Abstract
Natural gas from the Zalecze gas field located in the Fore-Sudetic Monocline of the Southern Permian Basin has been produced since November 1973, and continuous gas production led to a decrease in the initial reservoir pressure from 151 bar to about 22 bar until 2010. We investigated a prospective enhanced gas recovery operation at the Zalecze gas field by coupled numerical hydro-mechanical simulations to account for the CO 2 storage capacity, trapping efficiency and mechanical integrity of the reservoir, caprock and regional faults. Dynamic flow simulations carried out indicate a CO 2 storage capacity of 106.6 Mt with a trapping efficiency of about 43% (45.8 Mt CO 2 ) established after 500 years of simulation. Two independent strategies on the assessment of mechanical integrity were followed by two different modeling groups resulting in the implementation of field-to regional-scale hydro-mechanical simulation models. The simulation results based on application of different constitutive laws for the lithological units show deviations of 31% to 93% for the calculated maximum vertical displacements at the reservoir top. Nevertheless, results of both simulation strategies indicate that fault reactivation generating potential leakage pathways from the reservoir to shallower units is very unlikely due to the low fault slip tendency (close to zero) in the Zechstein caprocks. Consequently, our simulation results also emphasise that the supra-and subsaliniferous fault systems at the Zalecze gas field are independent and very likely not hydraulically connected. Based on our simulation results derived from two independent modeling strategies with similar simulation results on fault and caprock integrity, we conclude that the investigated enhanced gas recovery scheme is feasible, with a negligibly low risk of relevant fault reactivation or formation fluid leakage through the Zechstein caprocks. © Ł. Klimkowski et al.
Highlights
Enhanced Gas Recovery (EGR) from depleted natural gas fields by CO2 injection is considered as an economic option for greenhouse gas emission mitigation and as an efficient way to maintain gas production from low-pressure gas reservoirs (Kühn et al, 2012, 2013; Hussen et al, 2012; Polak and Grimstad, 2009; Oldenburg et al, 2004)

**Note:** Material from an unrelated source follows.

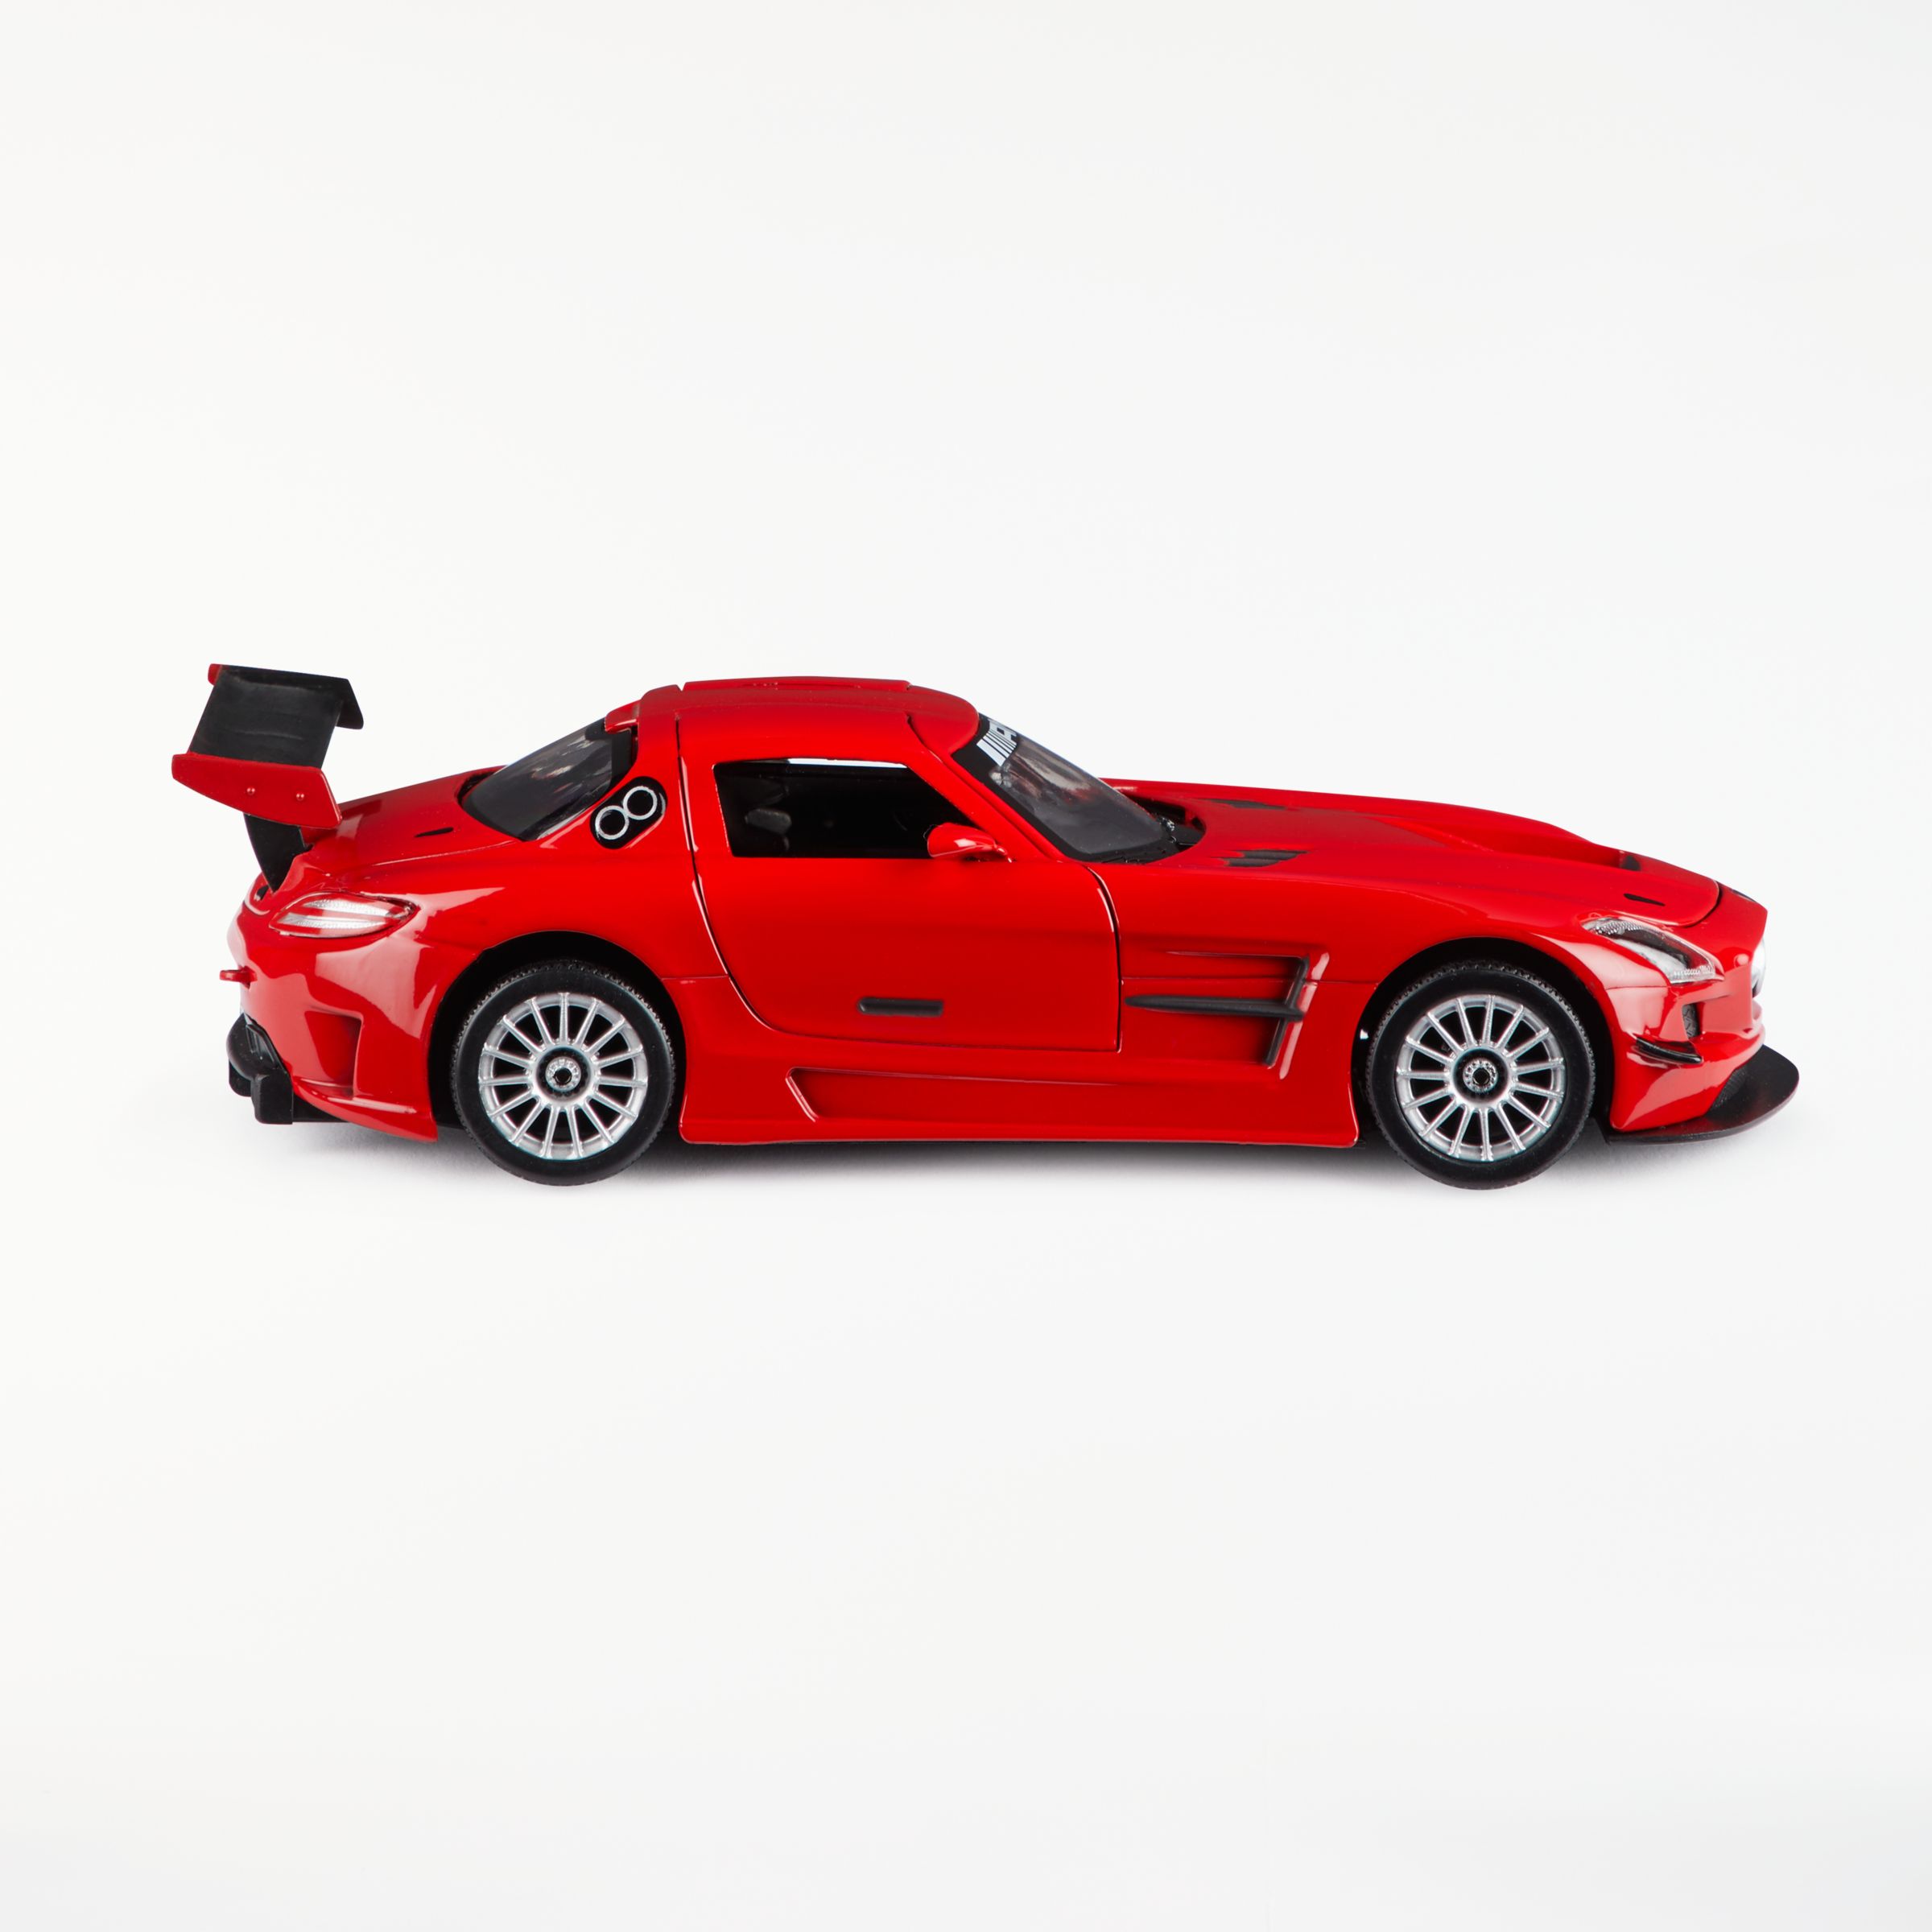 John Lewis & Partners 1:24 Mercedes AMG Red Die-cast Toy Car

Thereafter, the effect of pore pressure increase by CO2 injection overcomes the pore pressure decrease induced by natural gas production from 19 wells, and the induced subsidence is decreased by the competing ground uplift
We investigated a prospective EGR operation by a hypothetical CO2 injection below the gas-water contact by application of coupled numerical simulations
Summary
Enhanced Gas Recovery (EGR) from depleted natural gas fields by CO2 injection is considered as an economic option for greenhouse gas emission mitigation and as an efficient way to maintain gas production from low-pressure gas reservoirs (Kühn et al, 2012, 2013; Hussen et al, 2012; Polak and Grimstad, 2009; Oldenburg et al, 2004). Production from the Załęcze natural gas field located in the Fore-Sudetic Monocline of the Southern Permian Basin has been undertaken since November 1973. In this context, the initial reservoir pressure of 151 bar was decreased by about 130 bar until 2011, indicating significant CO2 storage capacity that may be derived from the natural gas volume of 19.25 billion sm produced from the reservoir until the end of 2010. An assessment of hydro-mechanical effects allows defining the constraints required for a safe EGR operation not posing a risk to the mechanical integrity of the reservoir, its caprocks and adjacent geological faults (Rutqvist, 2012; Hawkes et al, 2004). The hydro-mechanical simulation results can be employed for quantification of potential CO2 and/or formation fluid leakage via faults, as recently discussed by Jamaloei (2013), Tillner et al (2013), Pruess (2011), Cappa and Rutqvist (2011)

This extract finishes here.